How I use AI coding tools for scaffolding, tests, docs, and boilerplate while keeping architecture, module boundaries, and security human-led.

I use AI coding tools for scaffolding, tests, docs, and boring boilerplate. Architecture and module boundaries stay human-led. The way to keep a growing app clean is to break it into small vertical slices, add guardrails, and ship faster without letting the codebase drift.

The Real Problem

Large applications slow down as complexity grows. Code reviews take longer as dependencies multiply. Once the codebase exceeds the model context window, AI becomes unreliable unless the system is organized around clear boundaries.

I worked on a similar application and learned how to keep a mid-to-large system clean as it scales.

The Core Approach

Break the application into small, focused modules such as Auth, Payments, Notifications, and Search. Give each module a clear contract through OpenAPI, AsyncAPI, or typed interfaces.

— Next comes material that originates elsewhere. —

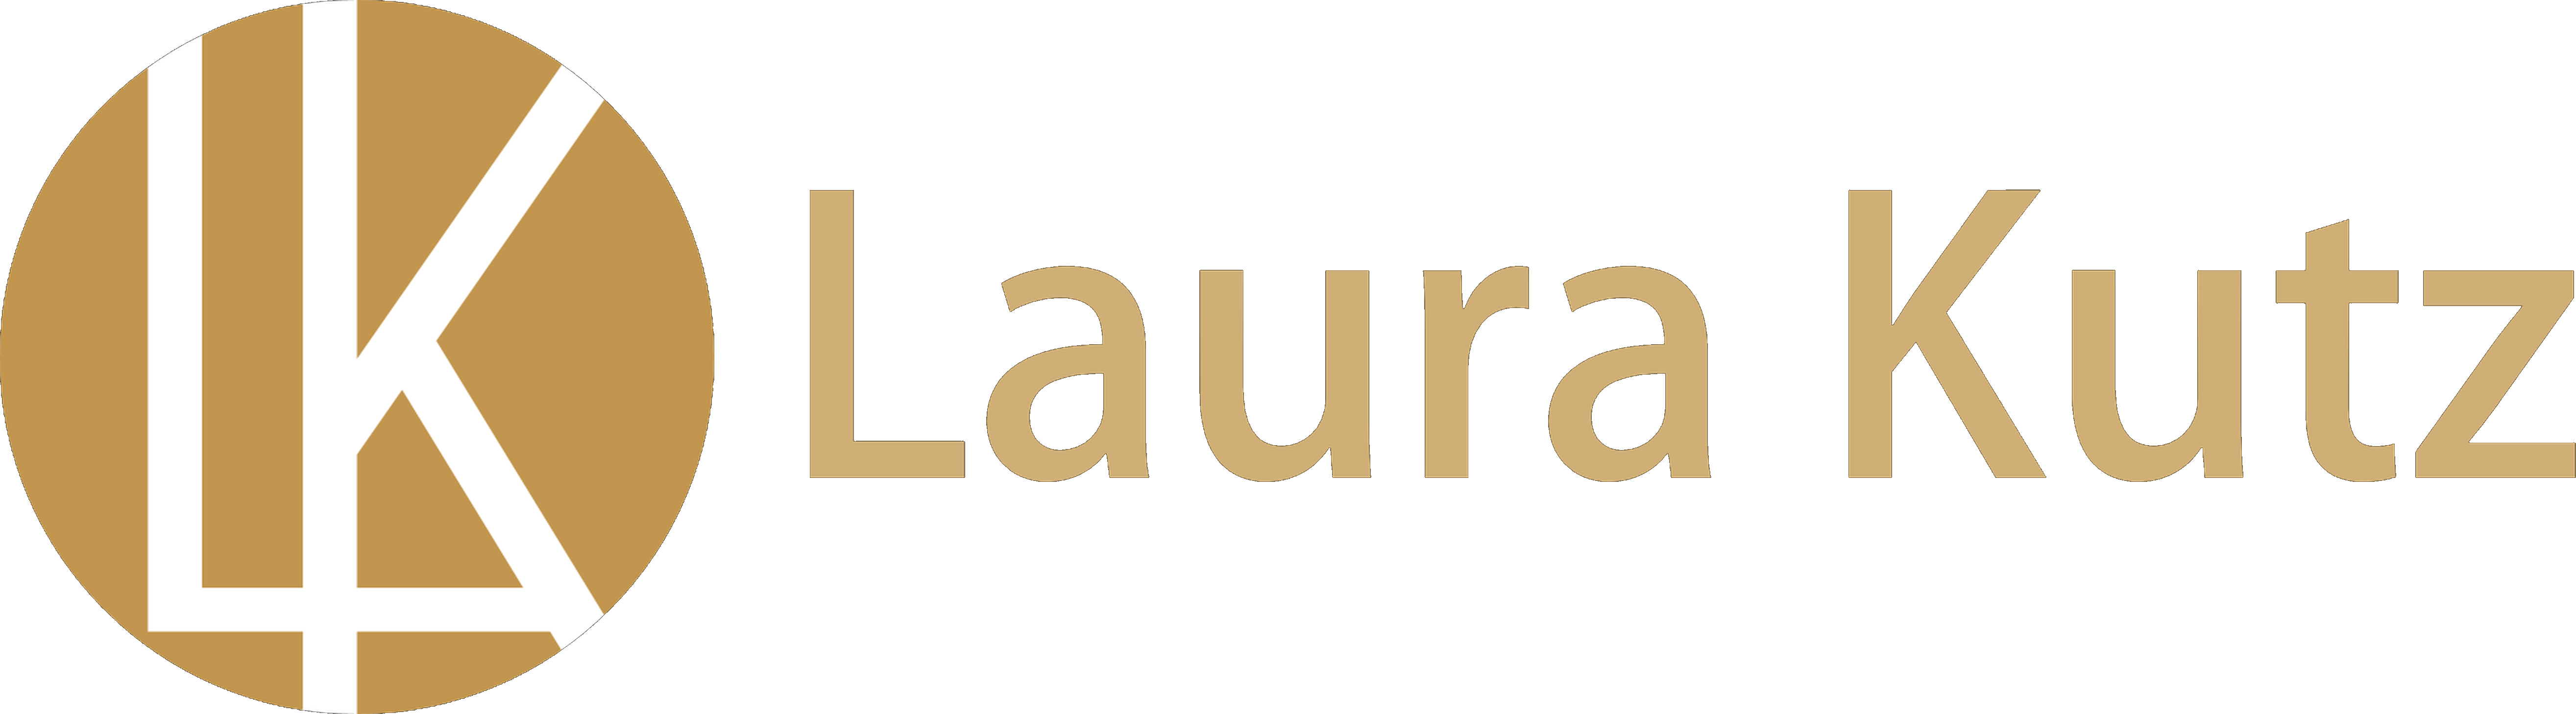 Laura Kutz
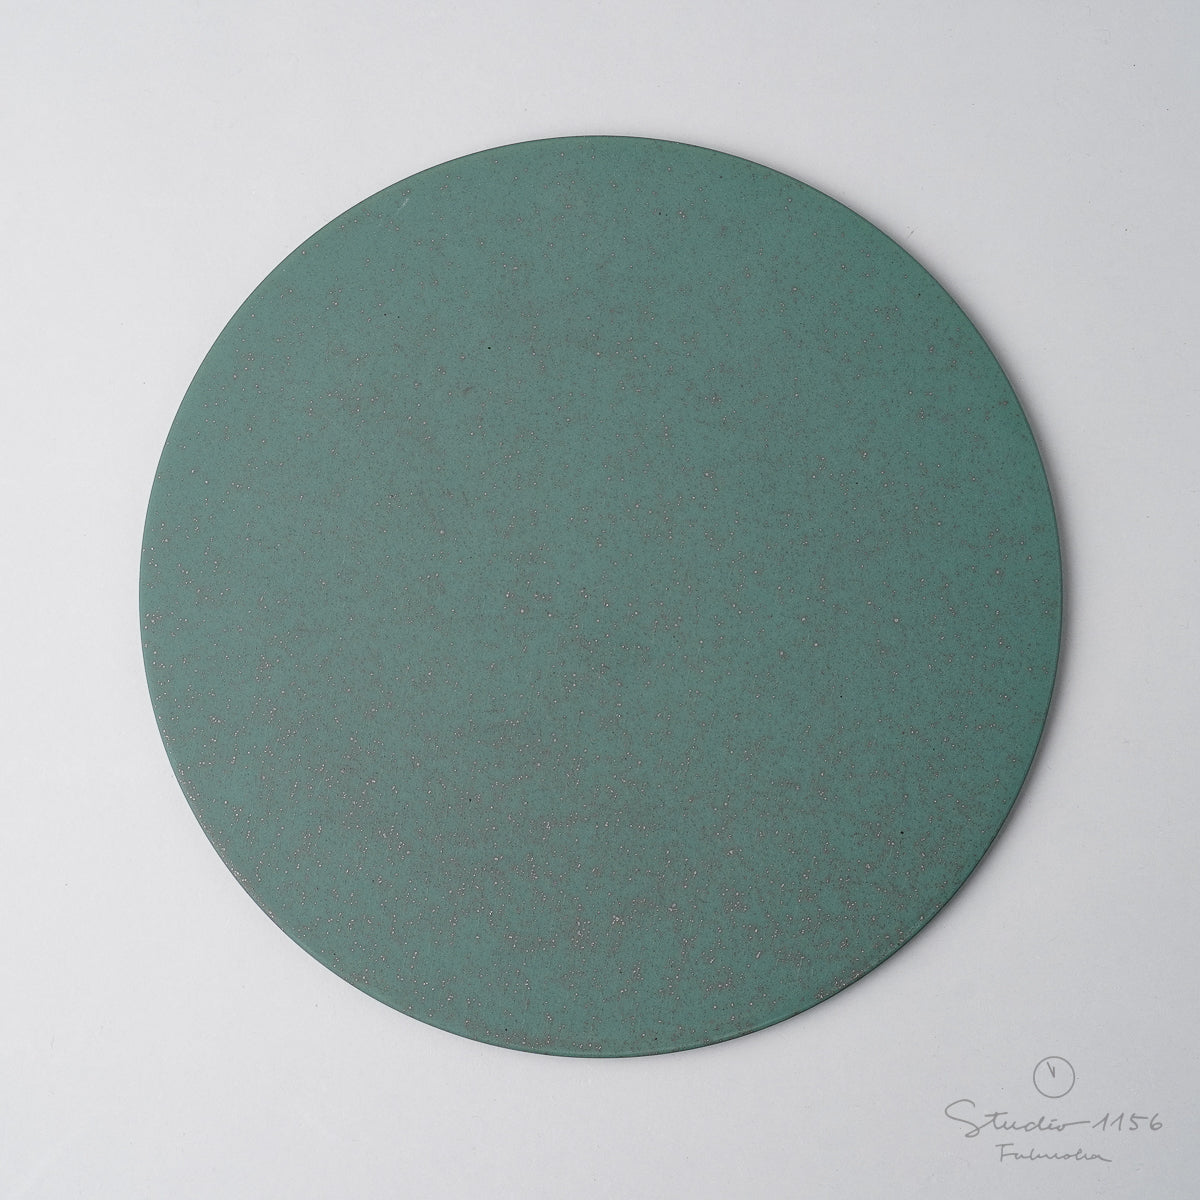 伊万里焼 極フラットプレート(L) 24.5cm 緑斑紋 Hataman Studio1156

Each module needs explicit boundaries: what belongs inside it, how it communicates with other modules, who owns the data, how consistency works, which cross-cutting guardrails apply, how testing is handled, how security testing is handled, how delivery works, and where AI should not be used.

Where AI Helps

AI is useful for scaffolding controllers, services, repositories, DTOs, validation pipelines, logging, error handling, configuration, dependency injection, authorization setup, unit tests, contract tests, test data, basic security tests, READMEs, API examples, module guides, renaming, restructuring, and cleanup.

Where AI Hurts

AI should not own architecture decisions, complex business logic, security-critical components, or anything involving sensitive code. It is an assistant, not the architect.

Pros

The upside is speed, consistency, cleaner naming, better source-control hygiene with structured prompts, faster documentation, and less time wasted on syntax issues.

Cons

The risks are quality drift, contract drift, shallow tests, privacy and licensing concerns, and architecture erosion. Code can look right while being unsafe. Modules can misalign if contracts are not enforced. AI often defaults to happy-path tests.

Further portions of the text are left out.